Я прикусываю губу, до боли, и, кивнув, все же ставлю короткий росчерк, оставляя на бумаге не только свою подпись, но и свободу, всю прелесть которой я осознаю только сейчас, под бездушным взглядом Аруша, вытирающего свое вспотевшее лицо белоснежным платком, выуженным из нагрудного кармана пиджака. Его миссия закончена, и только сейчас я вспоминаю еще об одном человеке, который присутствует в этой комнате. Все это время он сидел в углу, не вмешиваясь, не двигаясь, наверняка изучая меня и чувствуя свою власть надо мной. Ведь именно он и есть мой хозяин, не так ли?

— Вот и хорошо, рад был с вами познакомиться, — Болман с удовлетворением смотрит на контракт, в последний раз пробегаясь по нему взглядом, и один из экземпляров кладет в свой кейс. Его тяжелые, частые шаги исчезают за дверью, а я до сих пор не могу прийти в себя, с опаской всматриваясь в темноту, туда, где до сих пор сидит этот мужчина, будто специально нагнетающий обстановку. Если бы я могла повернуть назад, то не задумываясь бы убежала отсюда, но перед глазами стоит посеревшее от переживаний лицо матери, которое может осветиться надеждой.

В конце концов, холод становится почти нетерпимым, и я обнимаю себя за плечи, испуганным взглядом наблюдая за тем, как высокая фигура медленно поднимается с кресла и также тягуче медленно приближается ко мне. Его движения ленивые и грациозные, его руки с длинными аристократическими пальцами расслабленны, в то время как я напротив, сжимаю кулаки так, что чувствую боль от впившихся в ладони ногтей. Я до сих пор боюсь поднять глаза, упрямо смотря куда-то в район его колен, и, только лишь когда он пересекает границу света, осмеливаюсь взглянуть выше, на его запертую в дорогой пиджак грудь, затем на гладко выбритый подбородок, бледно-малиновые губы, правильный нос с небольшой горбинкой, острые скулы, и, наконец, глаза, в падающем на него освещении почти черные, пугающие своей проницательностью. Темные волосы, до плеч, уложенные досконально аккуратно и завершающие весь его идеально изысканный образ.
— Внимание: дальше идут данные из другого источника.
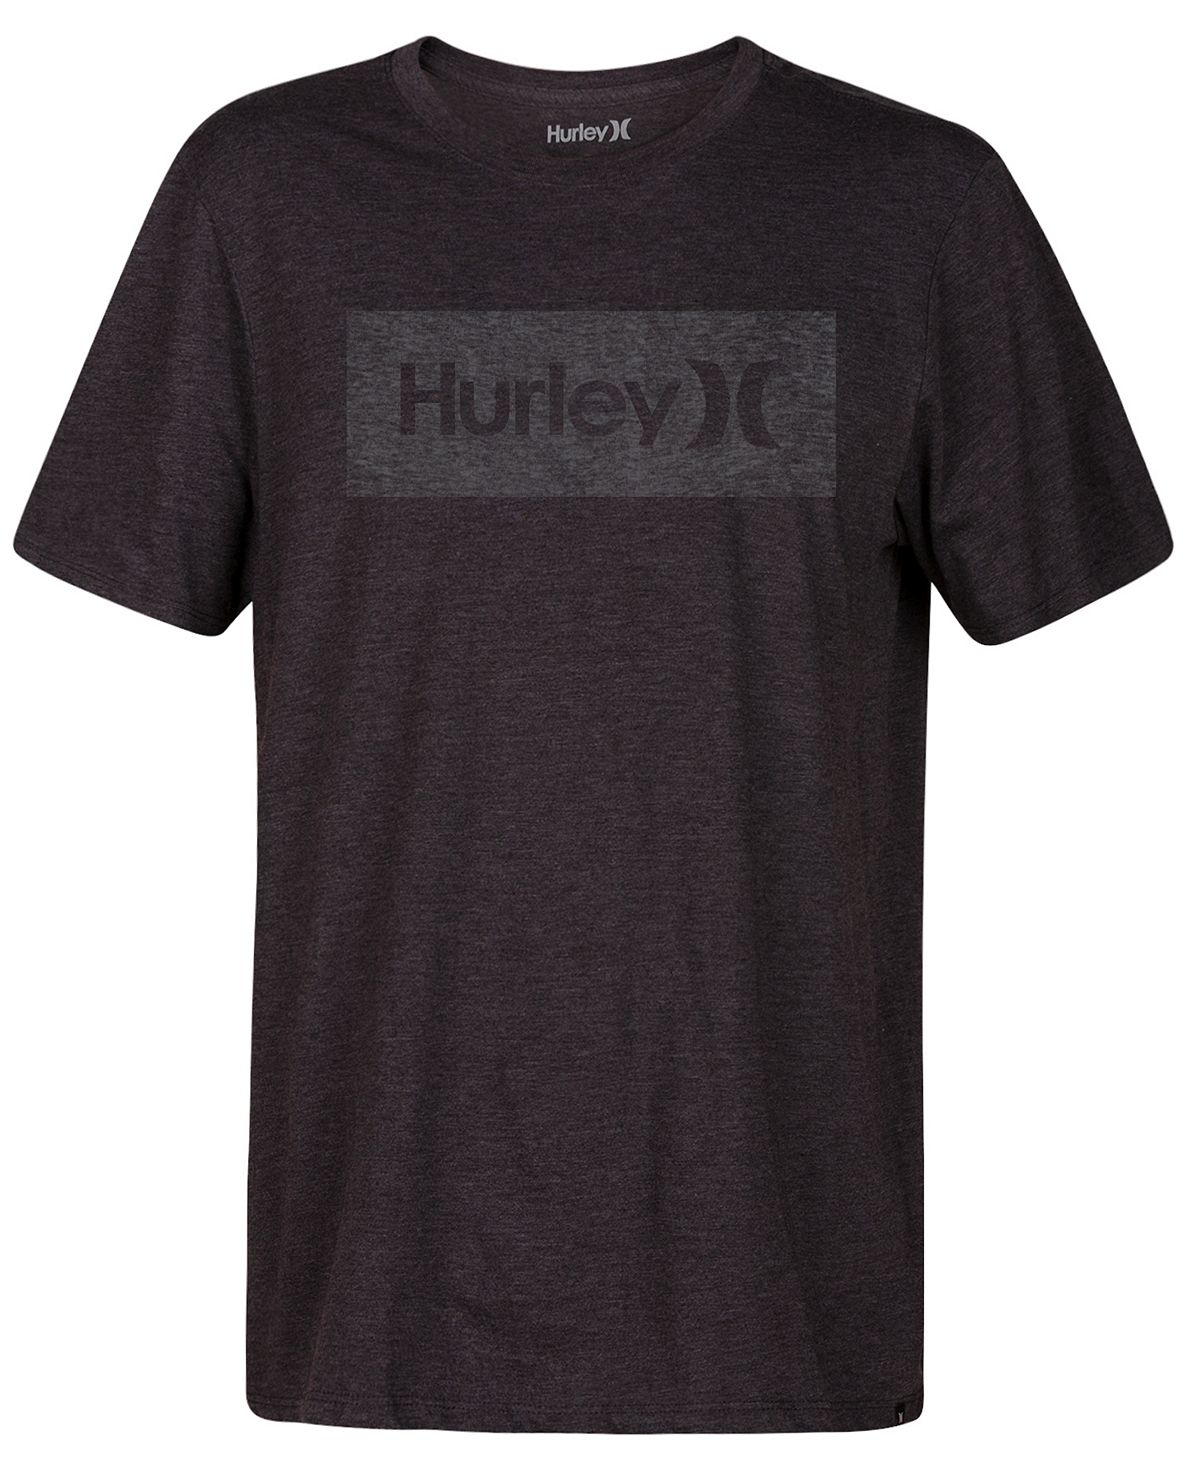 Мужская футболка с логотипом one and only box Hurley, мульти

Он привлекателен, настолько, что мне становится не по себе. Может потому, что он скрывает в себе нечто темное, демоническое, вызывающее инстинктивный страх, особенно когда подходит совершенно бесшумно, все еще сохраняя молчание и не спуская с меня пристально гипнотизирующего взгляда, от которого я не могу пошевелиться. Даже когда он прикасается к моему подбородку холодным пальцем, вынуждая приподнять голову и заглянуть ему в лицо. И пока я изучаю его, он рассматривает меня не менее цепко, впиваясь ледяным взглядом в детали и наверняка замечая каждый изъян: маленькую родинку на скуле, пару веснушек на носу и небольшой шрам над верхней губой, едва заметный, но при таком близком расстоянии вполне различимый. Наверное, единственное, что может зацепить в моей внешности — это глаза — яркие, сапфировые, как и у Айрин, доставшиеся нам от отца, погибшего под завалами шахты года три назад.
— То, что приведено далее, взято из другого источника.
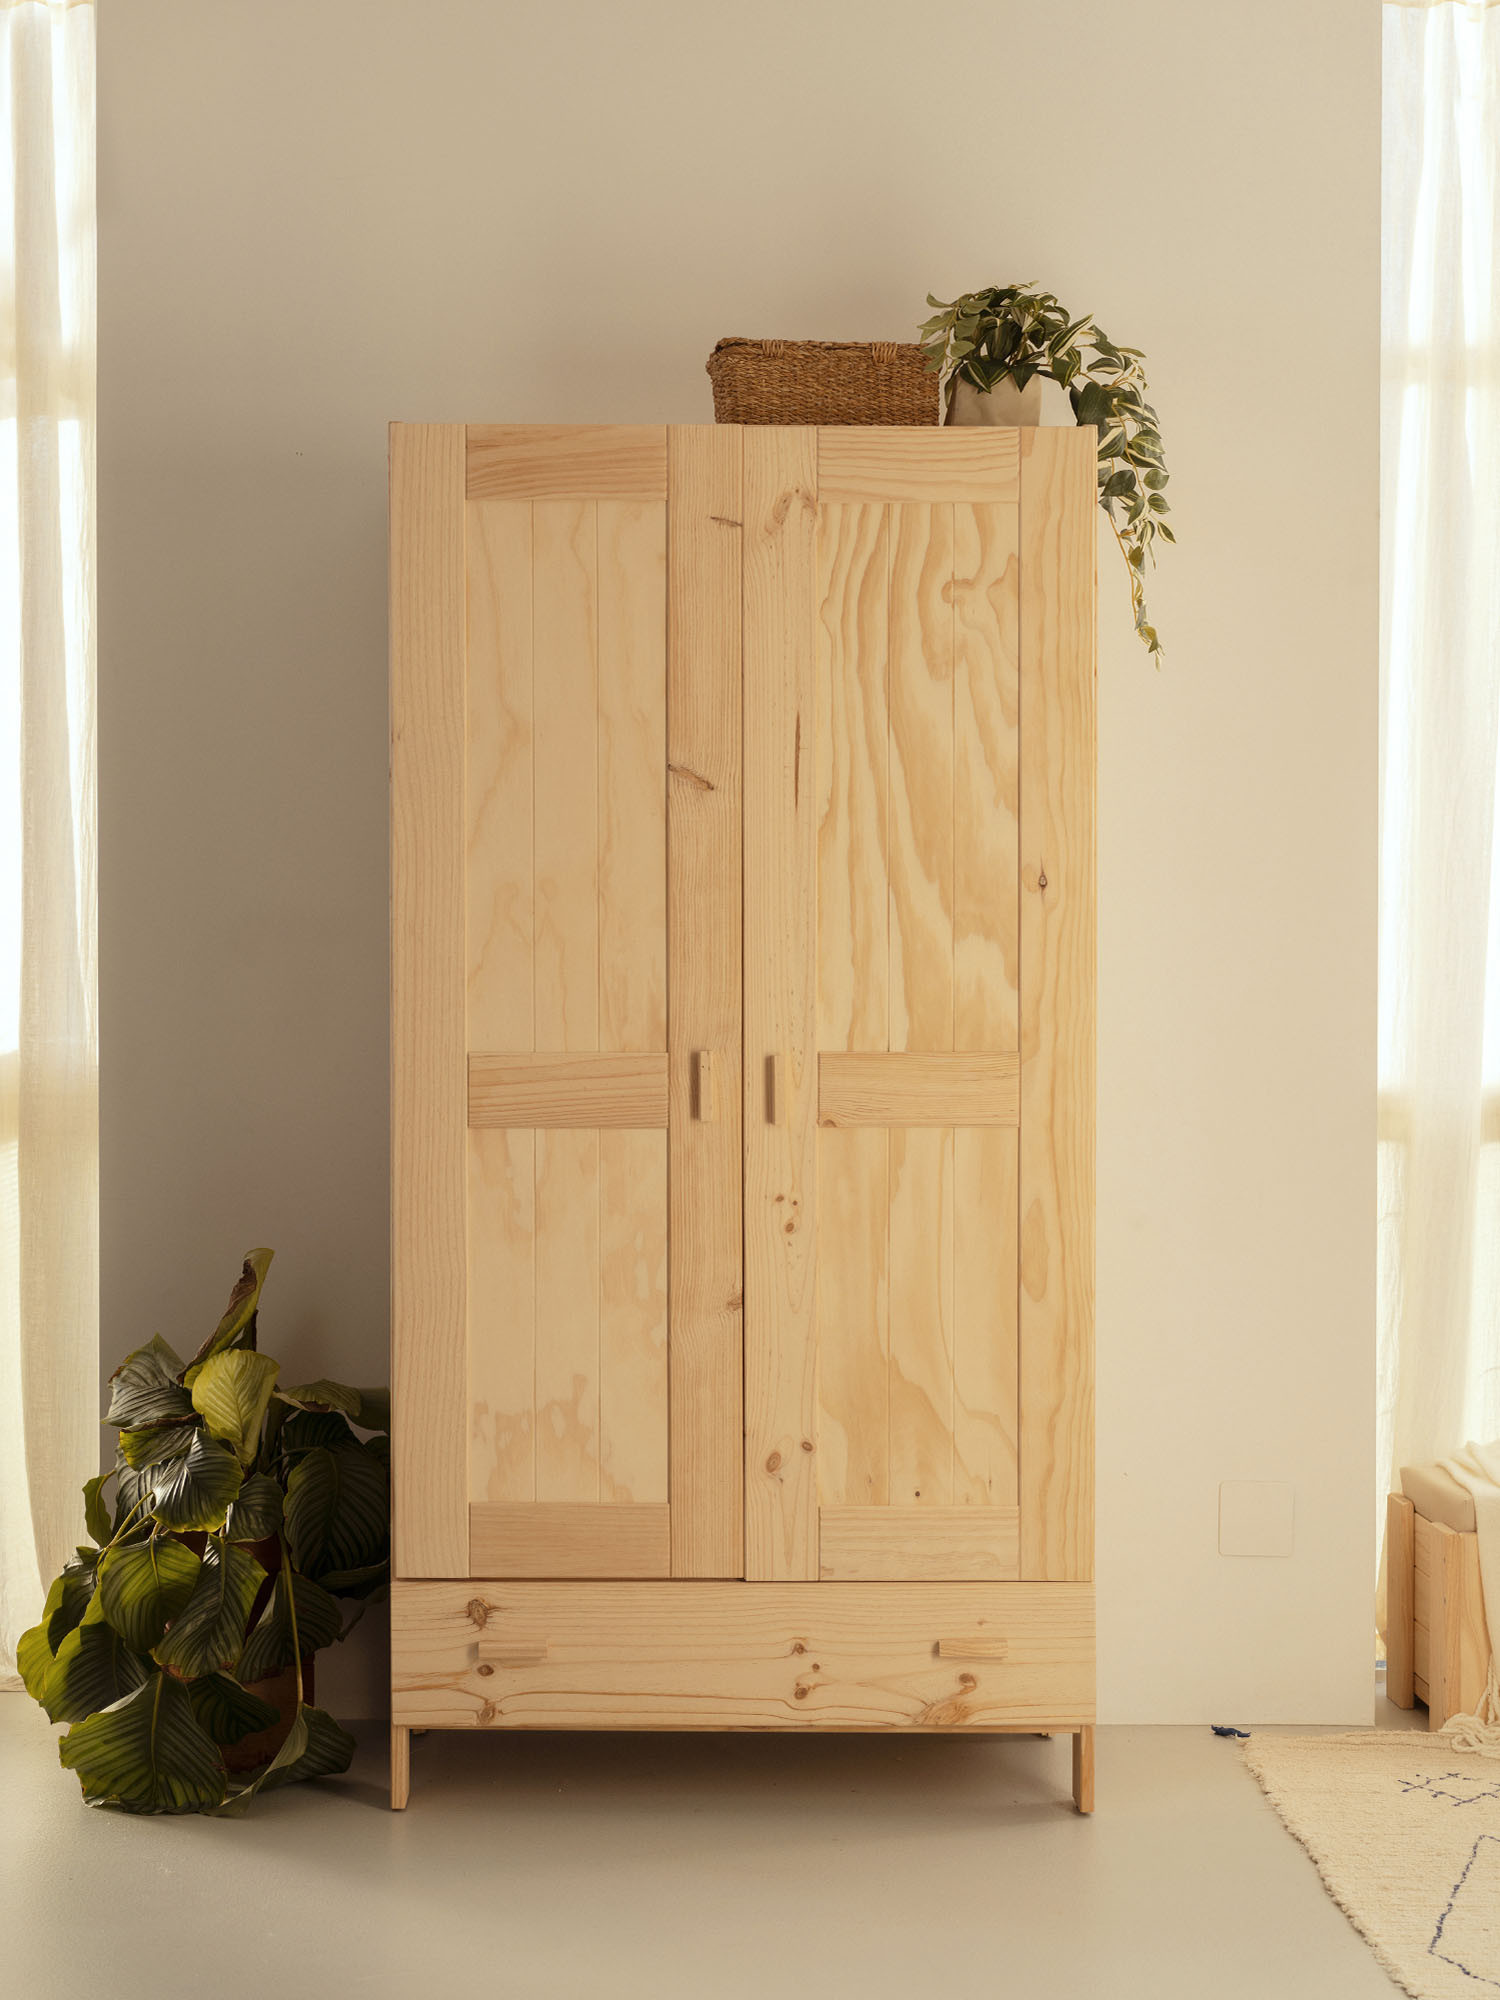 Tipos de madera para tus armarios - Timber Armarios

— У тебя красивые волосы, Джиллиан, распусти их, — он шепчет это совсем тихо, при этом поглаживая мою нижнюю губу подушечкой большого пальца, и я послушно поднимаю руки, небрежно дергая за резинку и позволяя своим волосам рассыпаться по плечам. В этот момент он делает глубокий вдох — я даже вижу как трепещут его ноздри — и прикрывает глаза, скрывая мелькнувший в них блеск за длинными ресницами. — Сколько тебе лет?

— Девятнадцать.

— Ложь, — он обрывает меня резко, жестко, одним лишь словом заставляя замолчать. — У современных девушек в девятнадцать нет такого чистого и открытого взгляда. Они прячут в себе хитрость и фальшь, либо ты — исключение, очень редкое исключение, даже не представляешь, насколько редкое... — он отпускает меня так неожиданно, что я чуть склоняюсь вперед, лишаясь опоры в виде его ласки. Нижнюю губу еще покалывает, и я задыхаюсь от волнения, смешанного со страхом, когда он заходит за мою спину и медленно пропускает распущенные волосы сквозь пальцы. — Как теплый мед. Твое сердце... ты так напугана. Ты не должна меня бояться, Джиллиан, я не сделаю тебе ничего плохого, при условии, что ты будешь выполнять несколько несложных правил.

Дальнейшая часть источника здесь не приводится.